When I was compiling the Dreamlands Express itinerary I thought about the fauna and flora of the Dreamlands and added it to the views from the train by way of local colour.
The fauna included Dreamlands fauna like magah birds, at least one animal of my own invention (from a dream in fact), and a smattering of real animals, mainly African. After all there are elephants and peacocks, yaks and zebras in the Dreamlands, so there must be a few other exotics tucked away. This had an unexpected side-effect. Just before Mark play-tested the Dreamlands Express scenario I found him leafing through the Dreamlands bestiary looking for quagga and okapi. I hadn’t realized it was possible to mistake these real world animals for dream beasts, but I guess their names do look kind of made up.
The okapi, a pleasingly defined “giraffid artiodactyl mammal”, is fortunately still with us:

What this okapi photograph doesn’t show you is that okapi tongues are so long they can lick their own eyeballs [Source: themagazine.ca August 2009]

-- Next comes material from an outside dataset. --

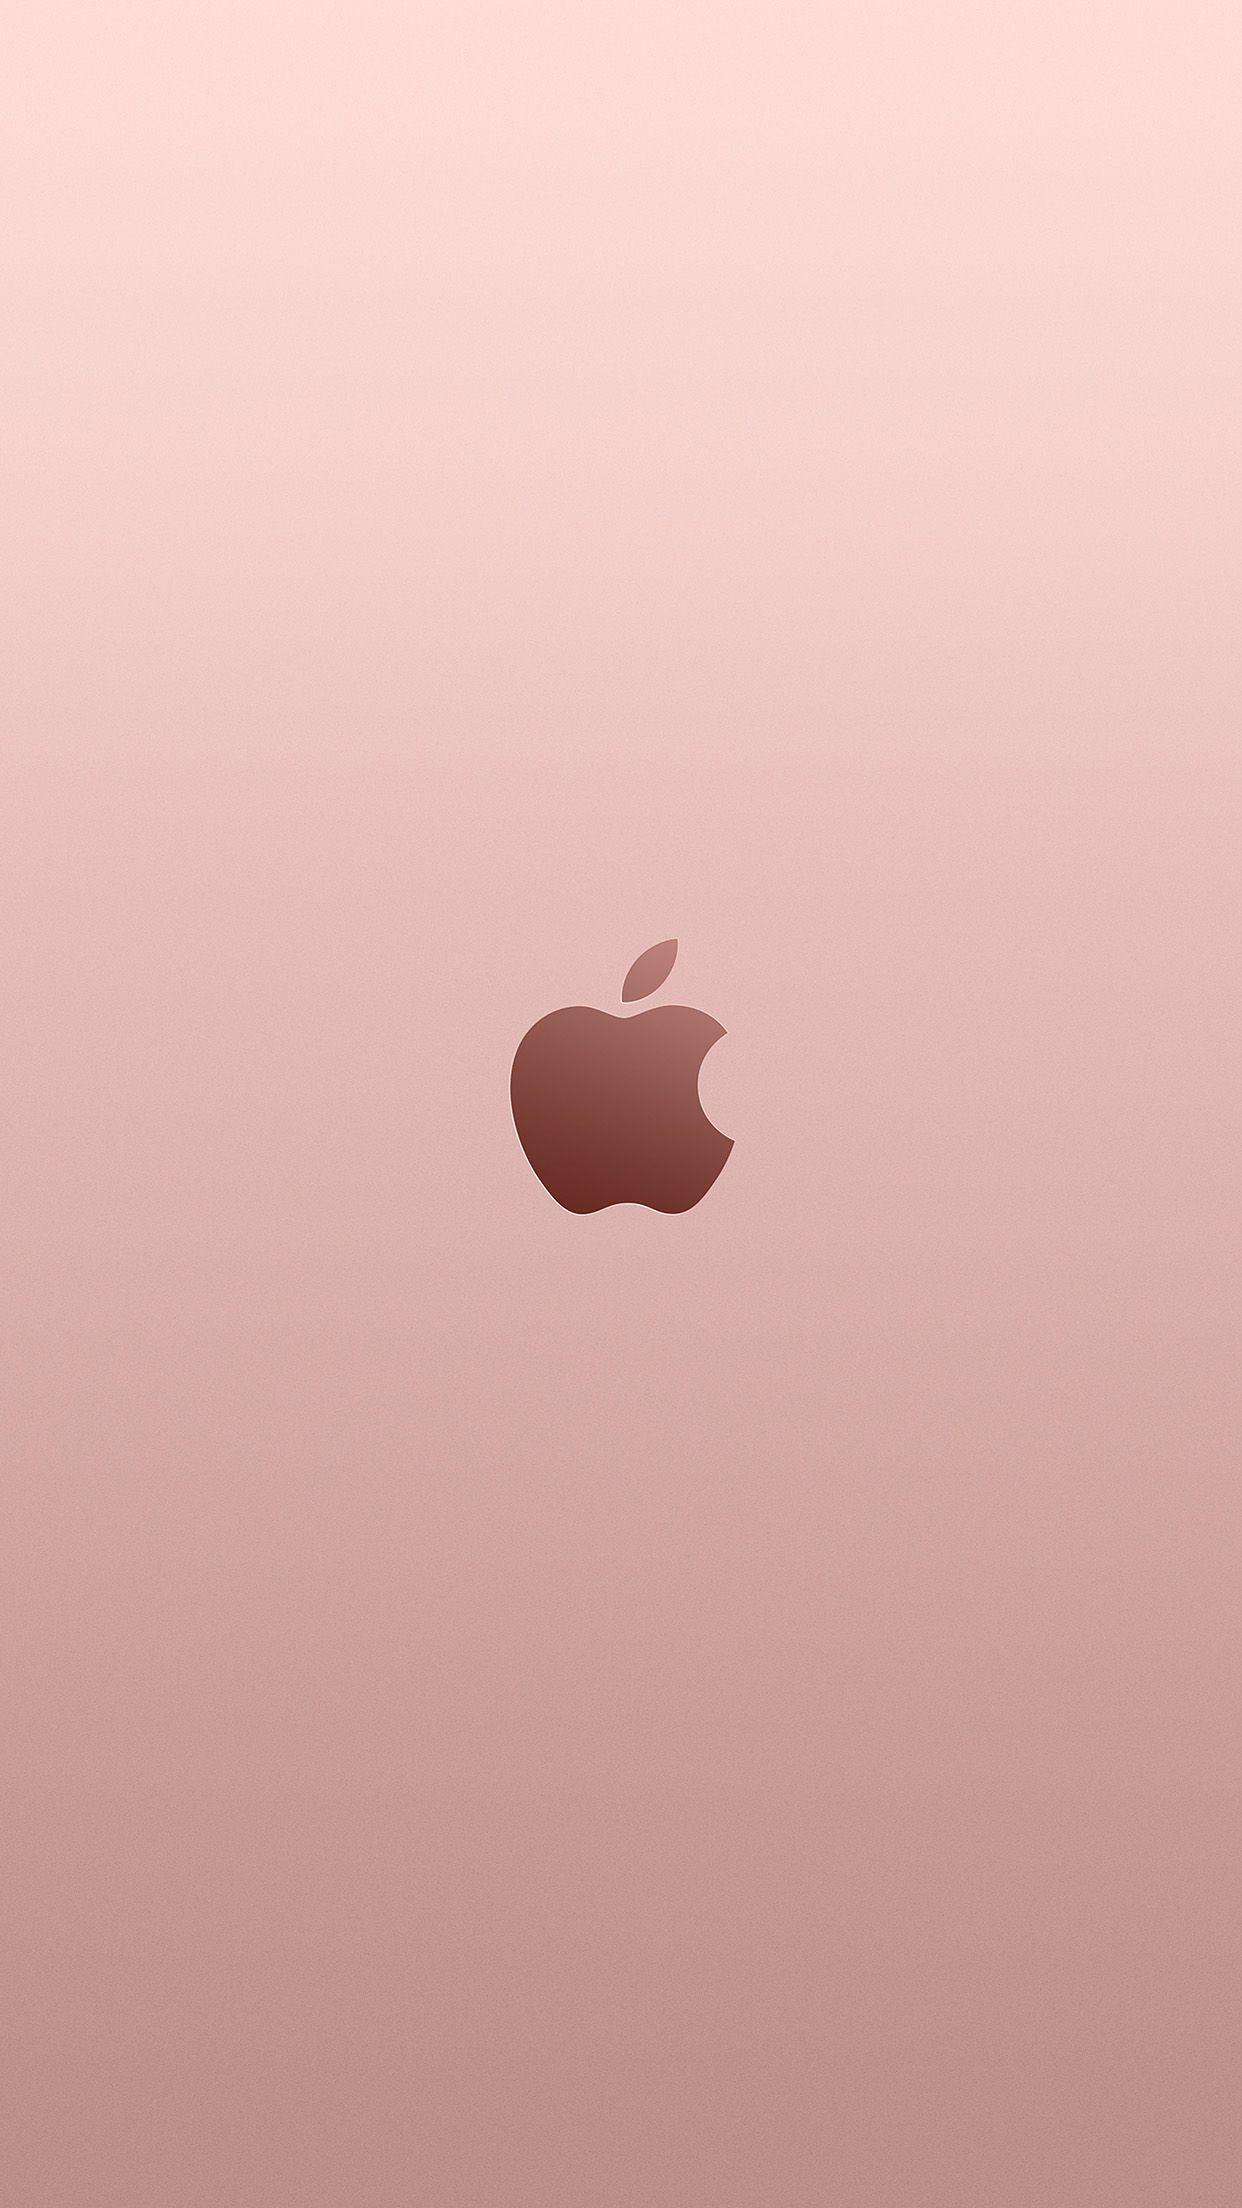 Apple 4K Ultra HD Wallpapers, HD Apple 3840x2160 Backgrounds, Free Images  Download

A South African sub-species of zebra, it was hunted to extinction in the wild. The last quagga died in an Amsterdam zoo in 1883. I included the quagga in the Sona-Nyl description because one of the few things we now know about the quagga – the sound of its cry – was described in a poem. As Robert Silverberg notes dryly in The Dodo, The Auk and the Oryx, it is not a good poem, but it gives us today this one useful fact. I thought that any animal immortalized in poetry should have a chance to live on in Sona-Nyl, the Land of Fancy.
The other important Dreamlands animal is of course the cat. Lovecraft loved cats and the Dreamlands was one of the few areas of his fancy where he could give this affection full play. I had great fun with a cat sub-plot on the Dreamlands Express, where cats have their own compartment and are treated as full passengers. If the dreamers ask about this, they are given reasons taken straight from Lovecraft’s DreamQuest and The Cats of Ulthar: For the cat is cryptic and close to strange things that men cannot see; for the Sphinx is his cousin and he speaks her language; but he is more ancient than the Sphinx and remembers that which she hath forgotten.So in closing, here are some cats of Istanbul. Remember, they are looking out for you in their dreams.
A few things:
Isn’t the top hatted explorer on the cover of the box set of the Dreamlands (an image I prefer to the ship) riding a Quagga?
Okapi are not real. At least i don’t think so. It’s a Moreau construct. Surely.
…and shouldnt someone tell the cat in the first picture that his house is on fire?
😉
Steff.
laughed out loud at Steff’s parting words 😉
It sounded like a goat sounding like a human doing an impression of a goat mimicking a Quagga.
You’re right, first edition Dreamlands has a marvelous cover from Tom Sullivan. The sartorial dreamer depicted is riding a zebra, as it has stripes all the way down. Generally zebra riding is frowned upon, except in dreams, although it hasn’t stopped the fellow in the article below.
http://news.bbc.co.uk/2/hi/uk_news/england/dorset/8084964.stm
I love this.
But I am sad the description of the quagga’s cry is not quoted. I am desperately curious!
From “Afar in the Desert” by Thomas Pringle (1789–1834):
And the timorous quagga’s shrill-whistling neigh
Is heard by the fountain at twilight gray;
http://www.bartleby.com/270/12/114.html
hm. maybe, but I guess if the sky was purple that need he’d have said it made the sound ‘burple’.
Thanks!
And: Why is my name akismet-(random number)? We may never know.
Although “Akismet” is not a bad name for a dreamland creature!
“Mr Tibbles always loved curling up to the fire. Until it turned to summer and Mr Tibbles found he had to start a few fires of his own to get comfy.”
Just saw a quagga yesterday – a naturalized one in the Galerie des espèces disparues in the Paris Natural History Museum. Incidentally, this quagga was part of King Louis XVI Ménagerie in Versailles, so it might have met this German aristocrat, Count F.
I am so glad you found one Tristan. Alas that it is long gone (although I hear they are trying to breed zebras with the right DNA to recreate them). Thanks for sharing!